10. The method according to claim 9, wherein the modifying, by the firewall card, the destination MAC address of the header of the second data packet to be processed according to the packet type of the second data packet to be processed includes:

if the second data message to be processed is the data message of the application type, the firewall card modifies the destination MAC address of the head of the second data message to be processed into a first preset MAC address;

or,

and if the second data message to be processed is a control type data message, the firewall card modifies the destination MAC address of the head of the second data message to be processed into a second preset MAC address.

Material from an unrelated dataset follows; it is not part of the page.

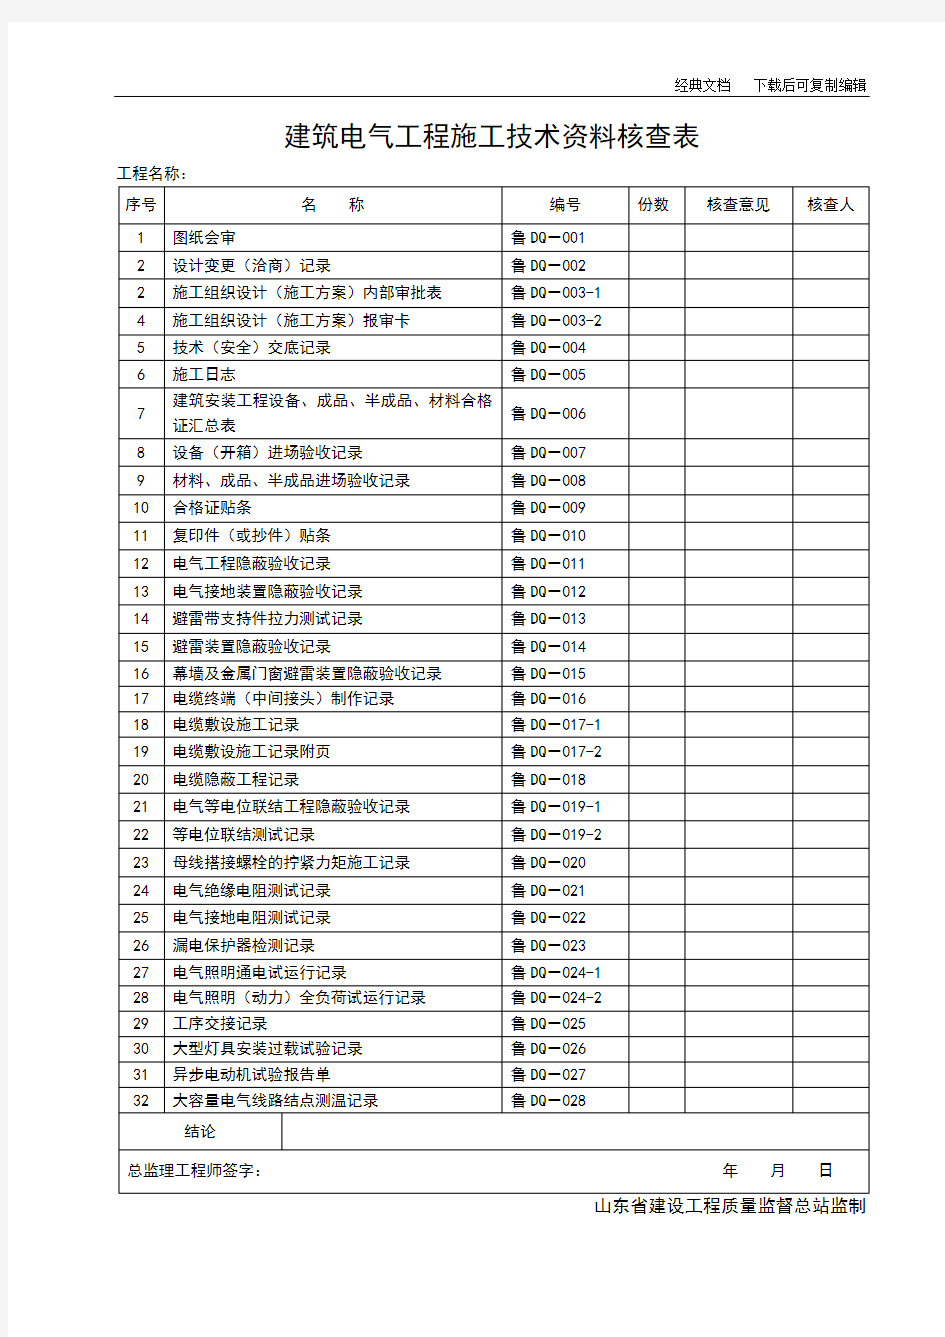 山东省建筑工程施工技术资料管理规程表格(597张) (1)

11. A switching module, comprising:

the forwarding module is used for receiving the first data message after the fireproof and routing processing and forwarding the processed first data message;

the switching module further comprises:

12. The switching module of claim 11, wherein the redirection module comprises:

a determining unit, configured to determine, according to the hardware routing table entry, that a next hop interface of the first data packet to be processed is a third interface, where the third interface is an internal interface between the switching module and the firewall card;

a modifying unit, configured to modify a source media access control MAC address of the header of the to-be-processed first data packet to a preset MAC address, and keep a virtual local area network identifier VID field and a time to live TTL field of the header of the to-be-processed first data packet unchanged, where a value of the VID identifier field is an identifier of an internal virtual local area network connected to the first interface;

the first sending unit is used for redirecting the modified first data message to the firewall card through the third interface;

and the preset MAC address is used for indicating the firewall card to perform fire prevention and routing processing on the modified data message.

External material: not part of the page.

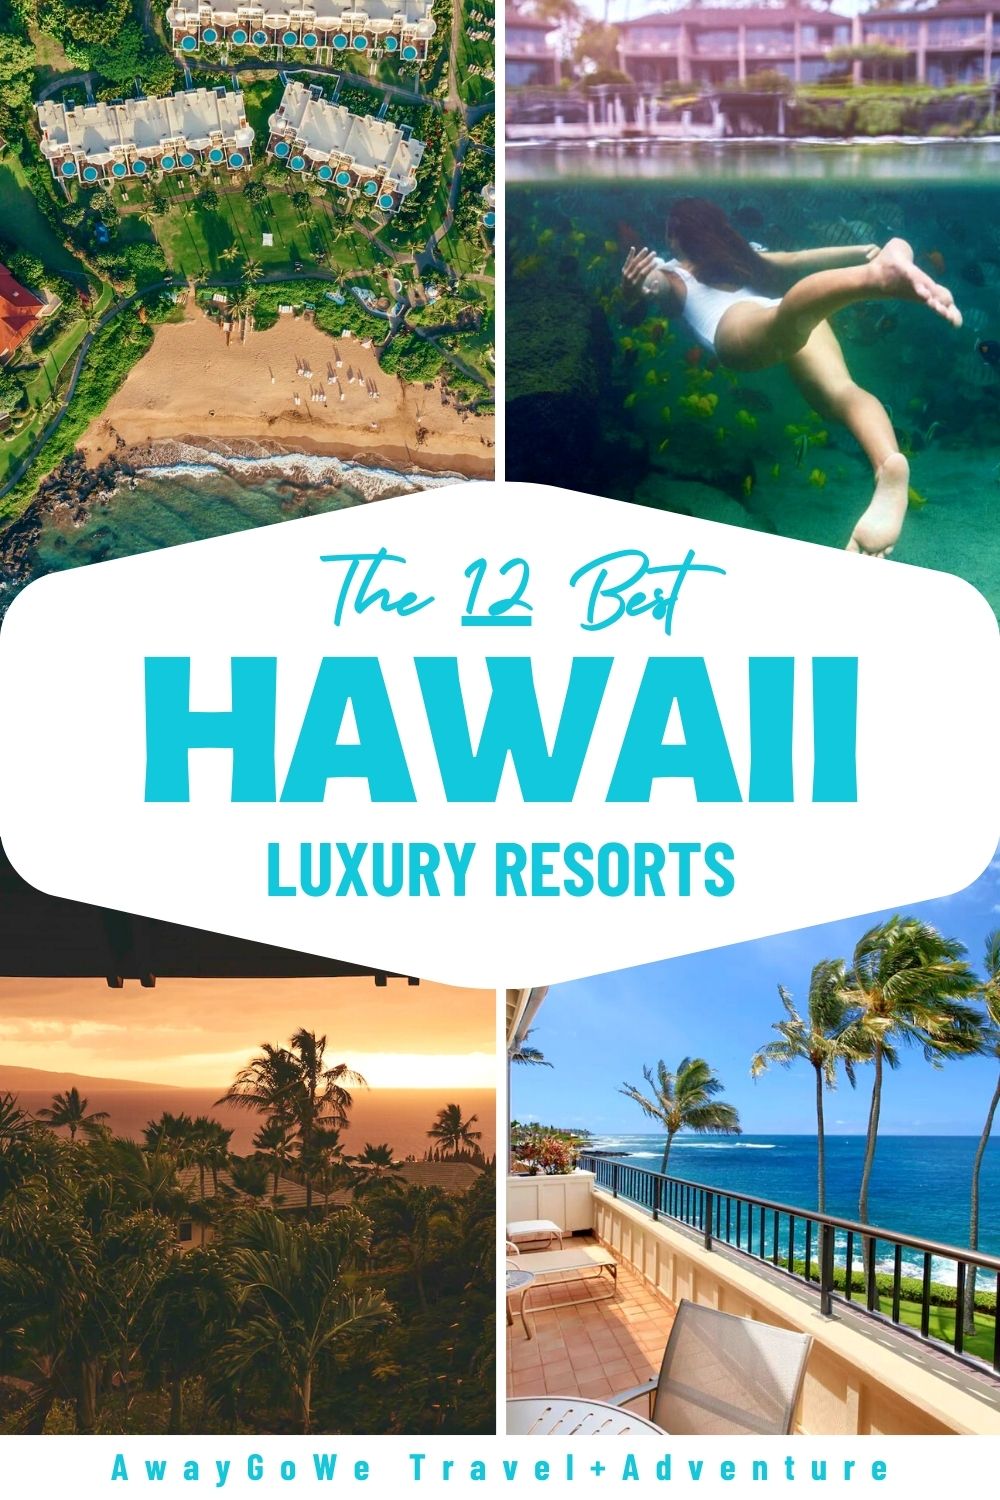 Hawaii resorts

13. The switching module according to claim 12, wherein the forwarding module is specifically configured to:

14. The switching module according to claim 11, wherein the sending module comprises:

the query unit is configured to query the preset address table entry according to the fourth interface and the MAC address of the switch, and determine that a next hop interface of the second data packet to be processed is a fifth interface, where the fifth interface is an internal connection interface between the switch module and the firewall card;

a second sending unit, configured to send the second data packet to be processed to the firewall card through the fifth interface, so that the firewall card performs a fire protection process on the second data packet to be processed, and modifies a destination MAC address of a header of the second data packet to be processed according to a packet type of the second data packet to be processed;

correspondingly, the processing module is configured to:

15. The switching module according to claim 14, wherein the processing module is specifically configured to:

16. A firewall card, comprising:

17. The firewall card of claim 16, wherein the receiving module is specifically configured to:

18. The firewall card of claim 17, wherein the processing module comprises:

a determining unit, configured to determine whether a source MAC address in the first data packet header received by redirection is a preset MAC address;

the processing unit is used for subtracting one from the value of the TTL field if the preset MAC address is the preset MAC address, modifying the source MAC address into the MAC address of the switch, modifying the target MAC address into the MAC address of the next hop equipment connected with the second interface, and modifying the value of the VID field into the identifier of the external Internet connected with the second interface;

and the sending unit is used for sending the first data message after the routing processing to the switching module through the third interface.

19. The firewall card of claim 16, wherein the processing module is further configured to:

correspondingly, the sending module is further configured to:

20. The firewall card of claim 19, wherein the processing module is specifically configured to:

or,

21. A switch, comprising:

the switching module of any of claims 11 to 15 and the firewall card of any of claims 16 to 20.